The Computer Language Benchmarks Game (formerly called The Great Computer Language Shootout) is a free software project for comparing how a given subset of simple algorithms can be implemented in various popular programming languages.

The project consists of:

 A set of very simple algorithmic problems
 Various implementations to the above problems in various programming languages
 A set of unit tests to verify that the submitted implementations solve the problem statement
 A framework for running and timing the implementations
 A website to facilitate the interactive comparison of the results

Supported languages
Due to resource constraints, only a small subset of common programming languages are supported, up to the discretion of the game's operator.

Metrics
The following aspects of each given implementation are measured:
 overall user runtime
 peak memory allocation
 gzip'ped size of the solution's source code
 sum of total CPU time over all threads
 individual CPU utilization

It is common to see multiple solutions in the same programming language for the same problem. This highlights that within the constraints of a given language, a solution can be given which is either of high abstraction, is memory efficient, is fast, or can be parallelized better.

Benchmark programs
It was a design choice from the start to only include very simple toy problems, each providing a different kind of programming challenge.
This provides users of the Benchmark Game the opportunity to scrutinize the various implementations.
 binary-trees
 chameneos-redux
 fannkuch-redux
 fasta
 k-nucleotide
 mandelbrot
 meteor-contest
 n-body
 pidigits
 regex-redux
 reverse-complement
 spectral-norm
 thread-ring

History
The project was known as The Great Computer Language Shootout until 2007.

A port for Windows was maintained separately between 2002 and 2003.

The sources have been archived on GitLab.

There are also older forks on GitHub.

The project is continuously evolving.

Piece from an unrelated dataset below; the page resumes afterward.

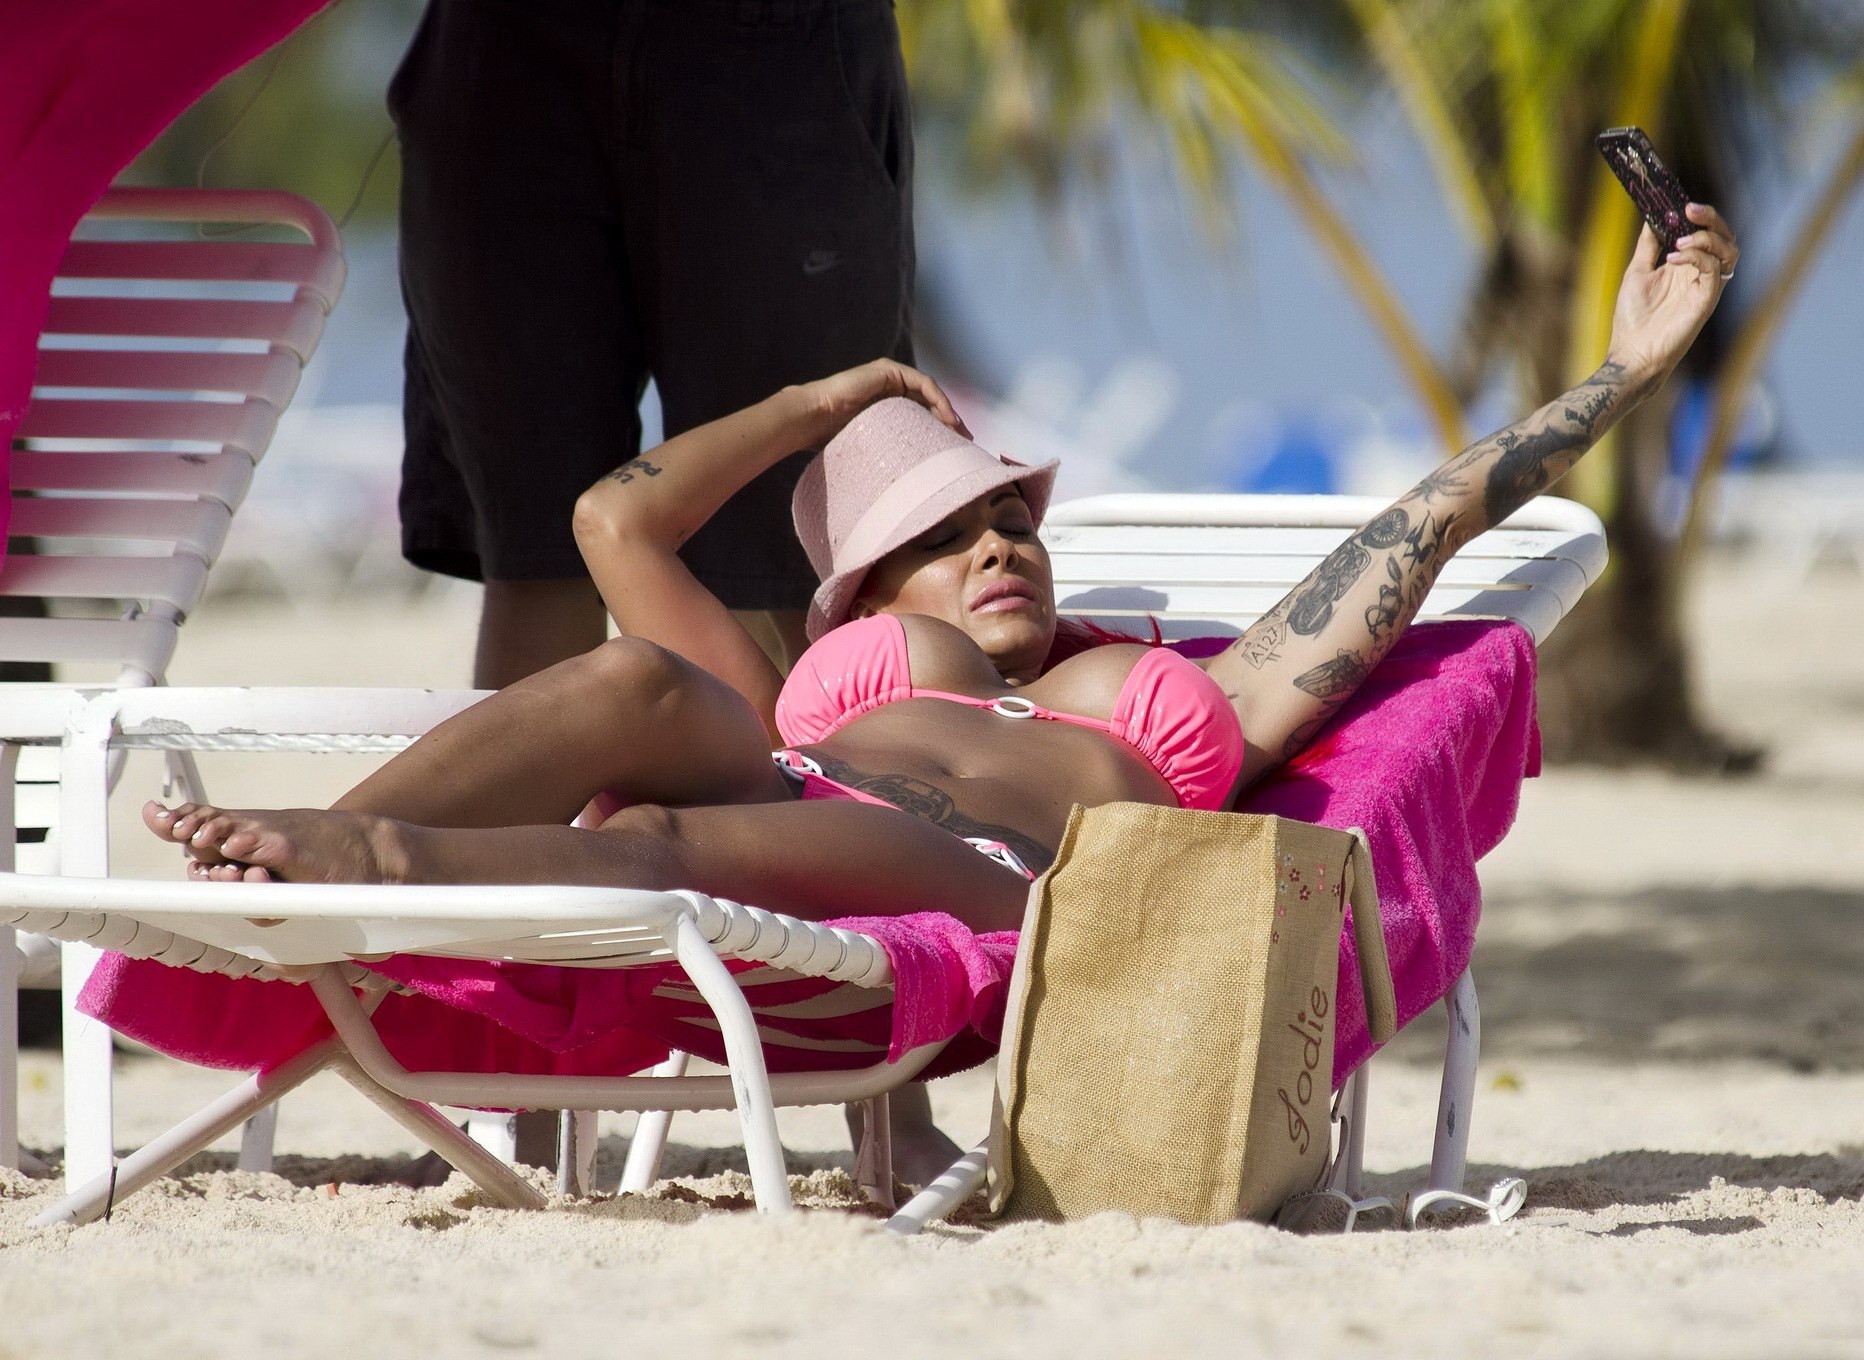 Busty Jodie Marsh wearing a skimpy pink bikini on a beach in Barbados #75245359

The list of supported programming languages is updated approximately once per year, following market trends. Users can also submit improved solutions to any of the problems or suggest testing methodology refinement.

Caveats
The developers themselves highlight the fact that those doing research should exercise caution when using such microbenchmarks:

Impact

The benchmark results have uncovered various compiler issues. Sometimes a given compiler failed to process unusual, but otherwise grammatically valid constructs. At other times, runtime performance was shown to be below expectations, which prompted compiler developers to revise their optimization capabilities.

Various research articles have been based on the benchmarks, its results and its methodology.

See also
 Benchmark (computing)
 Comparison of programming languages

References

External links
 

Programming language comparisons
Benchmarks (computing)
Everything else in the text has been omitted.